This project handles sensitive educational data. The following safeguards are built in:

  • No hardcoded credentials — all secrets via environment variables
  • Data directory is gitignored — student attempt files never reach version control
  • Student IDs are masked in all log output (s***1, not the raw ID)
  • Input validation — all JSON files are schema-validated before being inserted into MongoDB
  • MongoDB connection uses a connection pool with configurable timeouts, not a raw persistent socket
  • No telemetry — this tool makes zero outbound network calls except to your own MongoDB instance

For vulnerability reporting, see SECURITY.md.


🗺️ Roadmap

  • Web dashboard — Flask/FastAPI UI for non-technical tutors
  • Module 2 analysis — extend impact ranking to Module 2 questions
  • Topic heatmaps — visual breakdown of skill gaps
  • Multi-test trend — track score trajectory across multiple practice tests
  • PDF report generation — shareable one-page student summaries
  • MongoDB Atlas support — plug-and-play cloud deployment

🤝 Contributing

Pull requests are welcome! For major changes, please open an issue first to discuss what you'd like to change.

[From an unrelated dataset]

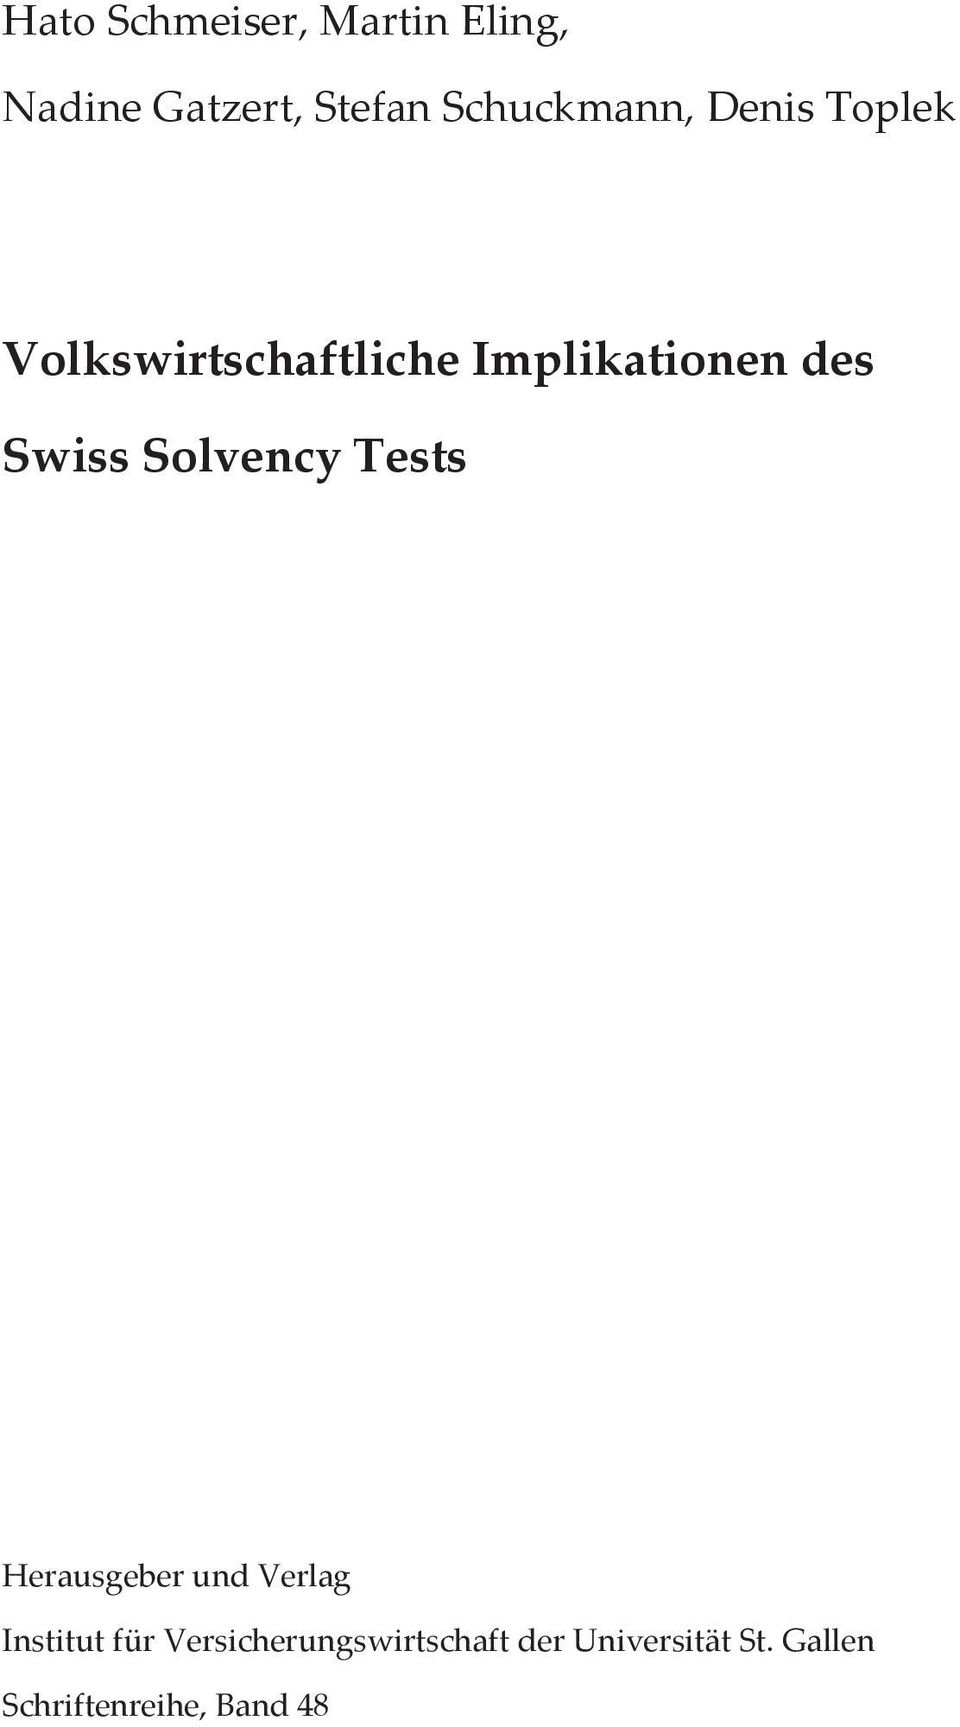 VolkswirtschaftlicheImplikationendes SwissSolvencyTests

# Fork → clone → branch → change → test → PR
git checkout -b feature/your-feature-name

Please make sure your code passes flake8 and includes appropriate tests.


📄 License

MIT © 2026 — Score Impact Analyzer contributors


Built for students. Powered by data. Designed for impact.

⭐ Star this repo if it helps your students!

About

Score Impact Analyzer is a data-driven tool that simulates Digital SAT adaptive scoring to identify which missed questions have the highest impact on a student’s final score, helping optimize study focus for maximum improvement.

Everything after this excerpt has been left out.